Она была заинтересована, хотя и говорила себе, что совершенно безразлично, как поведет себя из-за пяти франков какая-нибудь грязная семья.
На следующий день она хотела послать туда Проспера, но он доложил ей, что пришел старик. Она велела ввести его; он поцеловал край ее платья.
- Твой раб целует край твоего платья, матушка, ты подарила ему франк, сказал он, испытующе глядя на нее. Она улыбнулась. Он не доверял парням и был прав. Ведь он должен был получить два с половиной франка. Но они все-таки дали ему хоть что-нибудь.
- Ждала ли я этого?
Ей стало весело, и она сказала:
- Хорошо, старик, завтра я приеду опять на ваш берег.
* * *
На следующий день небо было синее. Она была уже одета для выхода, когда за дверью раздались громкие голоса. Принц Фили, спотыкаясь, перешагнул порог, отстранив пятерых лакеев.

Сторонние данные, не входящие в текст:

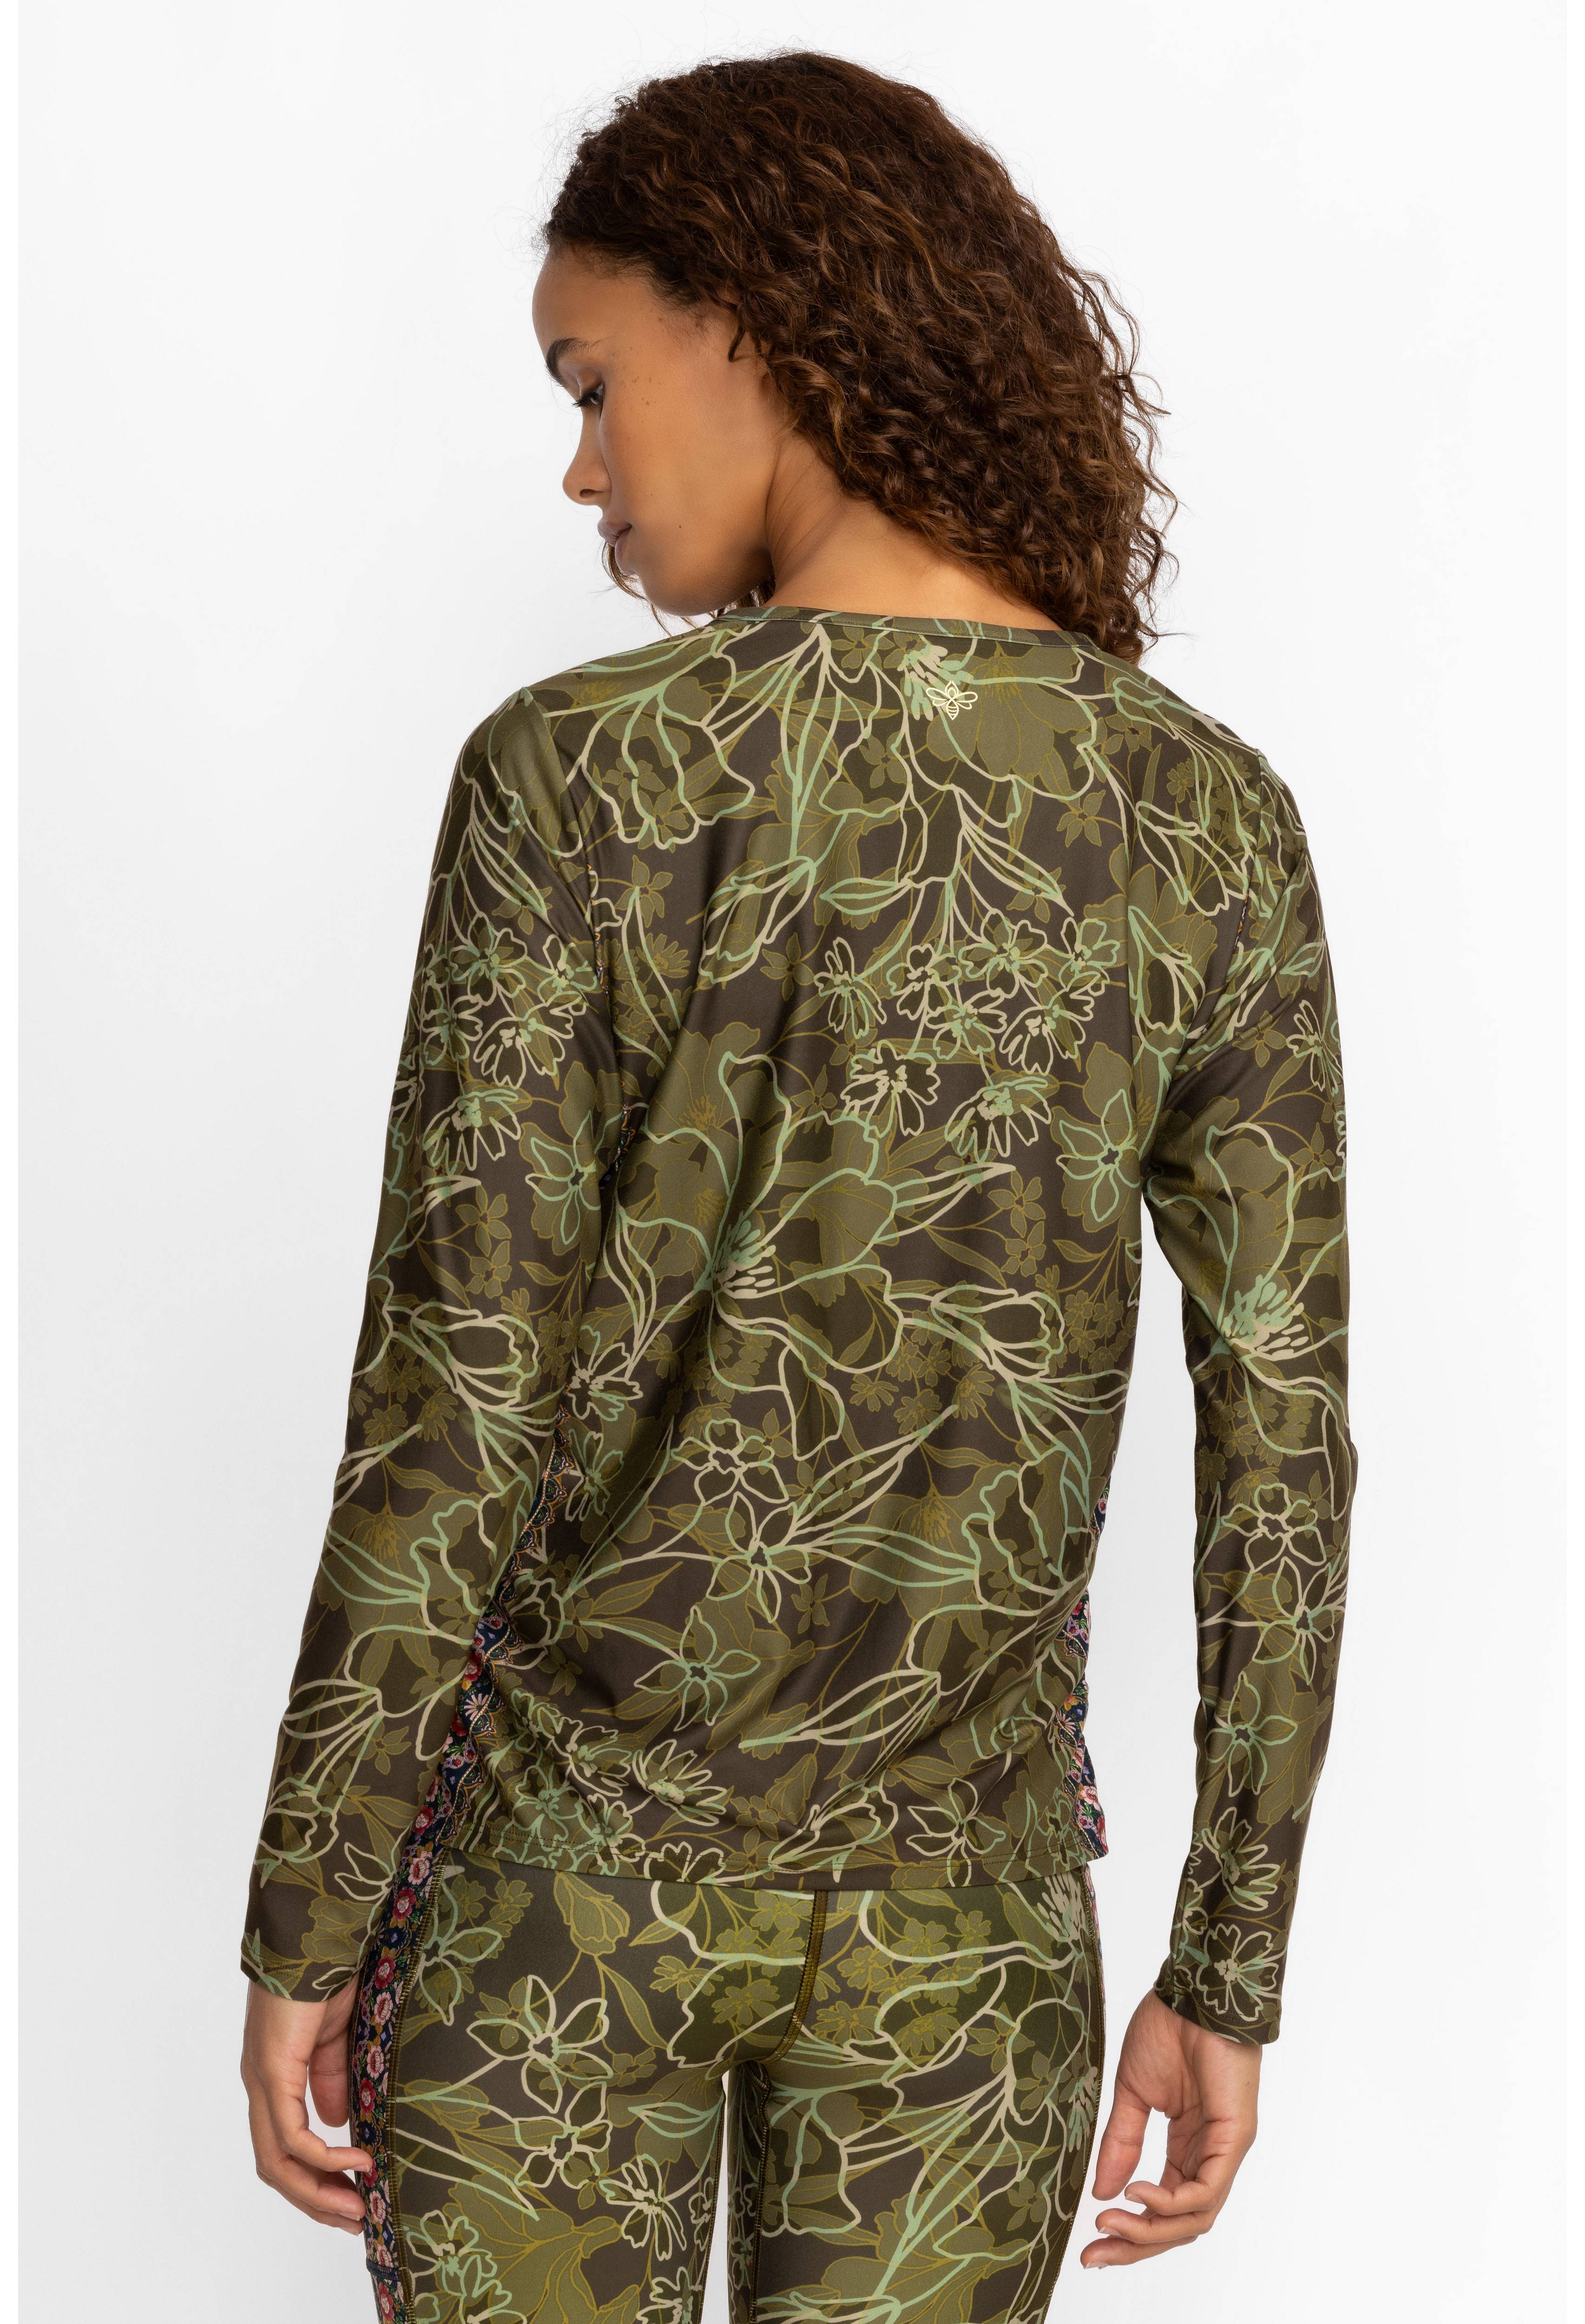 HIRZ CAMO RUCHED LONG SLEEVE TOP, , large image number 4

- Перед другом вашего супруга, покойного герцога, - взволнованно воскликнул он, - герцогиня, не закроете же вы двери перед близким другом герцога. Мое почтение, герцогиня.

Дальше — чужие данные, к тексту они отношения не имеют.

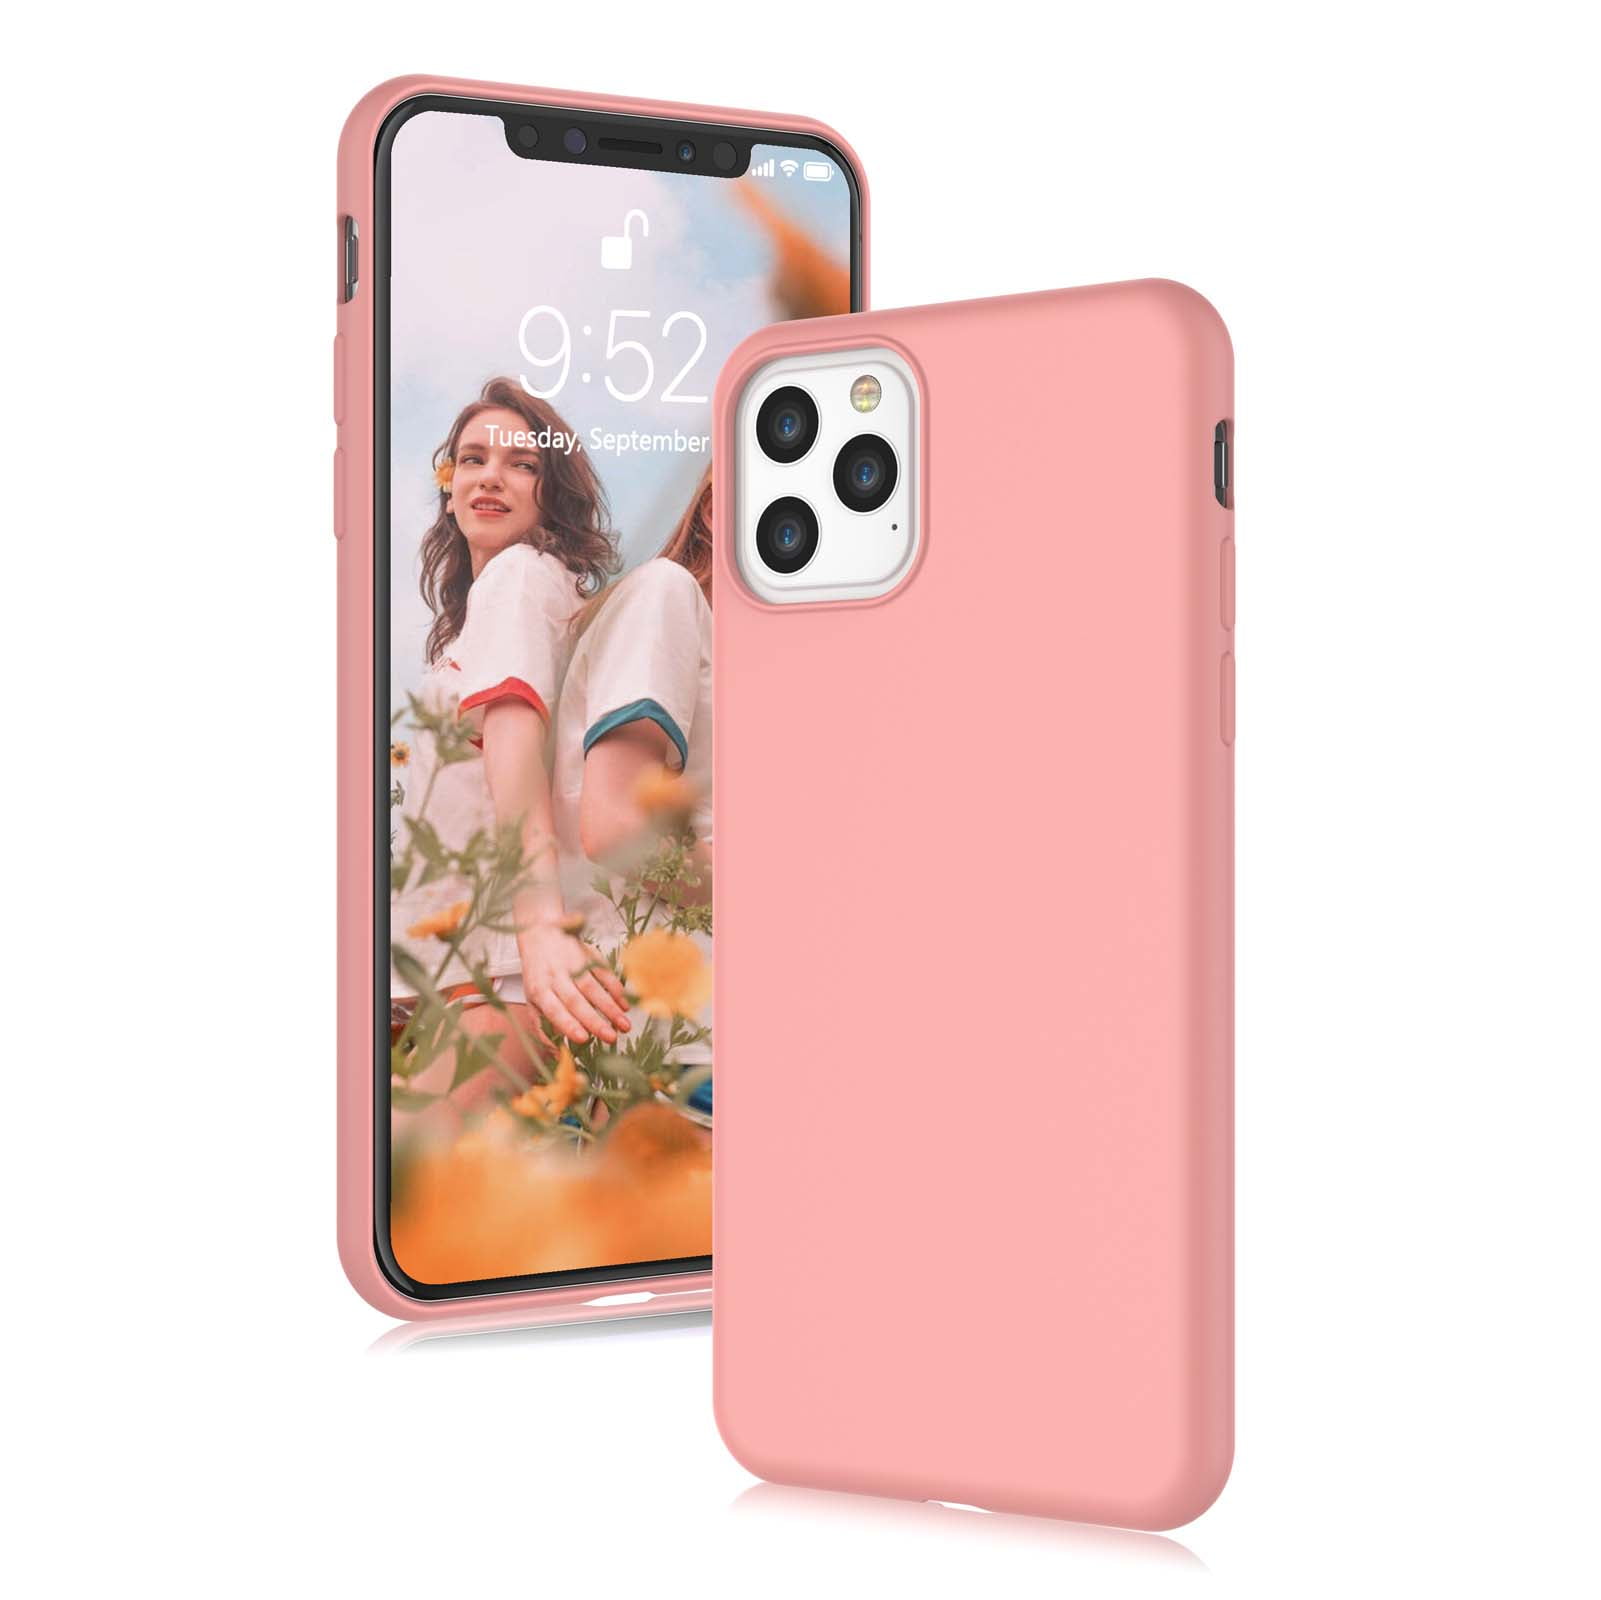 Cell Phone Cases For 6 5 Iphone 11 Pro Max Njjex Liquid Silicone Gel Rubber Shockproof Case Ultra Thin Fit Iphone 11 Pro Max Case Slim Matte Surface Cover For Apple Iphone 11

- Ваше высочество, я не принимаю никого.
- Но близкого друга... Мы так любили друг друга. А как поживает милая княгиня Паулина? Ах, да, Париж... А добрая леди Олимпия? Славная бабенка.
Герцогиня рассмеялась. Леди Олимпия Рэгг была раза в два выше и толще принца Фили.
- А она все еще в Париже, - Олимпия? Наверное, уже опять в Аравии или на северном полюсе. Удивительно милая, необычайно доступная женщина. Это не стоило мне никакого труда, - игриво сказал он. - Ни малейшего. Вот видите, вы уже повеселели.
- Ваше высочество, вам противостоять трудно.
- Конечно, не горевать нельзя, но не настолько. Я ведь тоже ношу траур. Смотрите.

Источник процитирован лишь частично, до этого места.